Sompolinsky Receives Swartz Prize for Theoretical and Computational Neuroscience
For immediate release.
SOMPOLINSKY RECEIVES SWARTZ PRIZE FOR THEORETICAL AND COMPUTATIONAL NEUROSCIENCE
Washington — The Society for Neuroscience (SfN) has awarded the Swartz Prize for Theoretical and Computational Neuroscience to Haim Sompolinsky, PhD. Supported by The Swartz Foundation, this prize, which includes $25,000, recognizes an individual who has produced a significant cumulative contribution to theoretical models or computational methods in neuroscience.

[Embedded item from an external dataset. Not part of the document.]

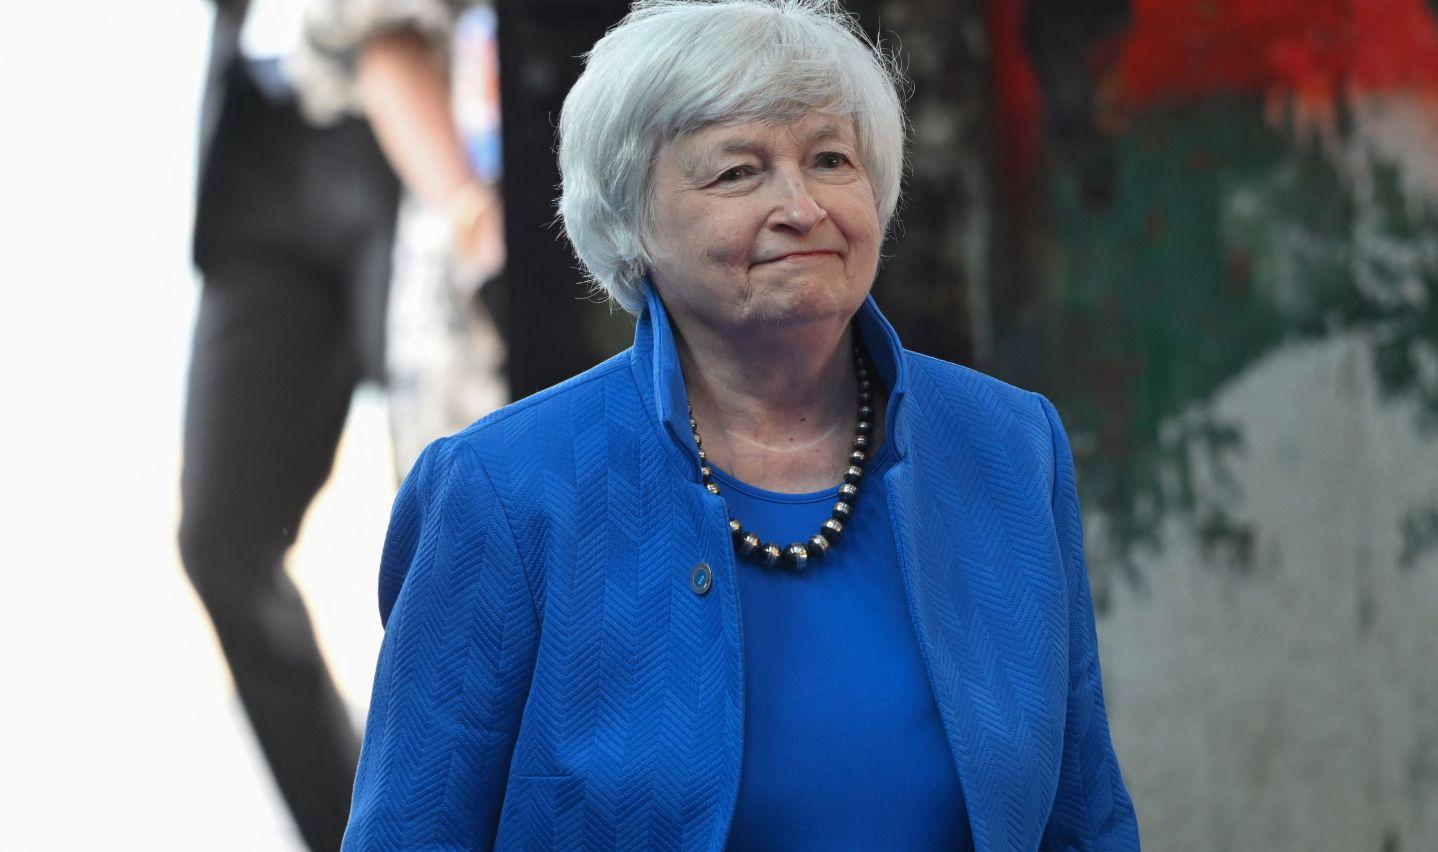 La secrétaire américaine au Trésor alerte sur le risque d'une crise financière aux Etats-Unis

The award was presented during Neuroscience 2011, SfN’s annual meeting and the world’s largest source of emerging news about brain science and health.
“The Society is pleased to recognize the exceptional contributions of Dr. Sompolinsky to the field of theoretical neuroscience,” said Susan G. Amara, PhD, president of SfN. “His work, blending physics and neuroscience, has established innovative methods and set rigorous standards for advancing the field.”
Sompolinsky has worked to develop the field of theoretical neuroscience throughout his career. His research helped shape system-level brain theory using principles and methods of statistical physics and dynamical systems. Sompolinsky’s “ring” model has served as a key paradigm for modeling neural circuits and has been the basis of countless studies of short-term memory, decision-making, selectivity, and receptive fields.
Sompolinsky earned his PhD at Bar Ilan University and is currently a professor at The Hebrew University.
The Society for Neuroscience is an organization of more than 41,000 researchers and clinicians who study the brain and nervous system.